Fernverkehr. Kilkenny MacDonagh liegt an der InterCity-Linie Dublin Heuston–Waterford, betrieben von Iarnród Éireann/Irish Rail. Züge Richtung Dublin halten unterwegs unter anderem in Muine Bheag, Carlow, Athy und Kildare, Züge Richtung Waterford in Thomastown. Werktags (Mo-Sa) fahren neun Zugpaare täglich, sonntags fünf. Der erste Zug Richtung Dublin fährt werktags gegen 6.35 Uhr ab Kilkenny, der letzte gegen 21.10 Uhr, sonntags von 9.45 bis 19.10 Uhr. Richtung Waterford starten die Züge werktags zwischen 9.10 und 22.15 Uhr, sonntags zwischen 10.50 und 20.20 Uhr. Die schnellsten Verbindungen nach Dublin Heuston brauchen rund 90 Minuten, langsamere mit mehr Zwischenhalten bis zu zwei Stunden zehn Minuten. Nach Waterford Plunkett Station sind es rund 35 bis 45 Minuten. Laut Kilkenny County Council bestehen darüber hinaus Umsteigeverbindungen Richtung Cork, Limerick und Galway.
Betriebszeiten. Werktags (Mo-Sa) verkehren Züge von rund 6.30 bis 22.15 Uhr, sonntags von etwa 9.40 bis 20.20 Uhr.
Flughäfen
In die Stadt. Etwa zwei Stunden 15 Minuten mit dem Bus direkt bis zur Kilkenny MacDonagh Station, kein Umstieg nötig.
Taktung. Zehn tägliche Direktverbindungen zwischen 5.45 und 23.00 Uhr ab Dublin Airport, im Schnitt etwa alle zwei Stunden.
Eigenheiten
- Klein, aber laut am Wochenende. Kilkenny gilt als Ziel für Junggesellenabschiede. Freitags und samstags ist entsprechend Betrieb.
- Local-Link-Busse für Tagesausflüge ohne Auto. Wer ohne Mietwagen ins Umland will, kommt mit den ländlichen TFI-Local-Link-Bussen dennoch zu Orten wie Thomastown oder ins Nore Valley. Diese Linien sind auf der Local-Link-Seite geführt, nicht auf der Stadtbusseite von KK1/KK2.

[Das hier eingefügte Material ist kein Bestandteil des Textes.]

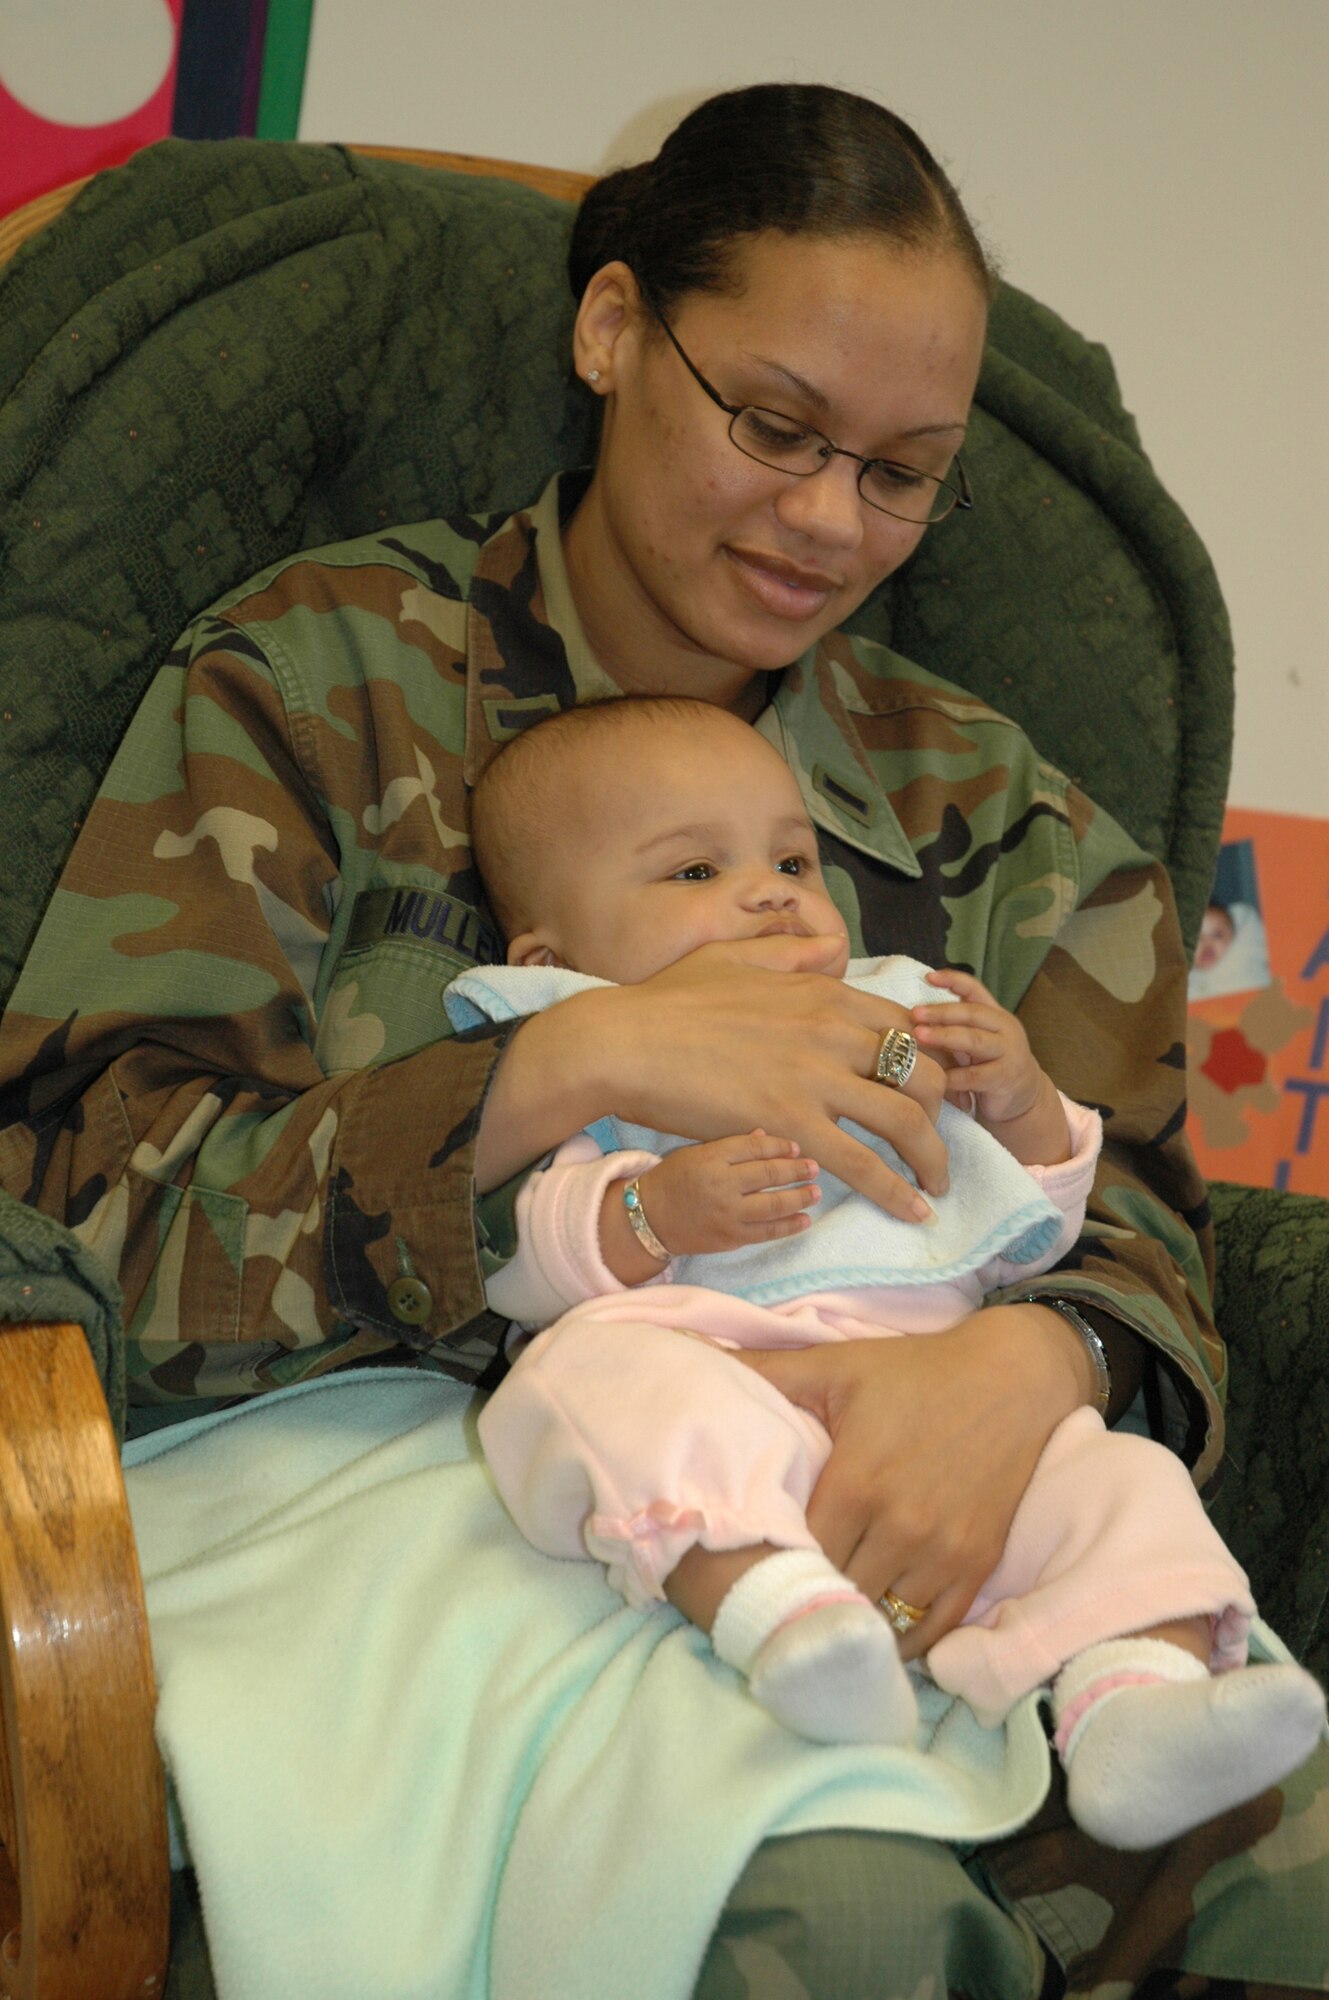 First Lieutenant Kristen Mullen, 22nd Mission Support Squadron, plays with her daughter, Kaitlynn, 6 months, at the Child Development Center April 11 during the Annual Month of the Military Child luncheon.  (Air Force photo by Tech. Sgt. Genevieve Morris 22nd ARW Public Affairs)

- Zweite Buslinie ab dem Bahnhof. Neben dem Fußweg hält auch die Stadtbuslinie KK2 direkt an der MacDonagh Station und fährt von dort in wenigen Minuten weiter zu den zentralen Haltestellen Parliament Street und Market Yard, nützlich bei Gepäck oder schlechtem Wetter.
Gut zu wissen
- Währung
- EUR €
- Notruf
- 112
- Steckertyp
- G
- Zeitzone
- Europe/Dublin
- Verkehr
- links
Tempolimits. innerorts 50 km/h, außerorts 100 km/h (National Roads, N), 80 km/h (Regional Roads, R), 60 km/h (Local Roads, L), Autobahn 120 km/h
Links fahren. Die Republik misst in km/h, Nordirland in mph, und die Grenze ist unmarkiert. Seit 7. Februar 2025 gelten auf Lokalstraßen mit L-Nummer nur noch 60 km/h. Nationalstraßen mit N-Nummer erlauben weiter 100 km/h, auch wenn sie schmal und kurvig wirken.
Trinkgeld. Im Restaurant zehn Prozent, im Pub gar nichts. Wer an der Theke bestellt, gibt kein Trinkgeld.
Maut. Einzelne Mautstrecken, vor allem rund um Dublin. Der M50-Ring hat keine Schranken, sondern erfasst das Kennzeichen; die Gebühr muss bis zum Folgetag online gezahlt werden.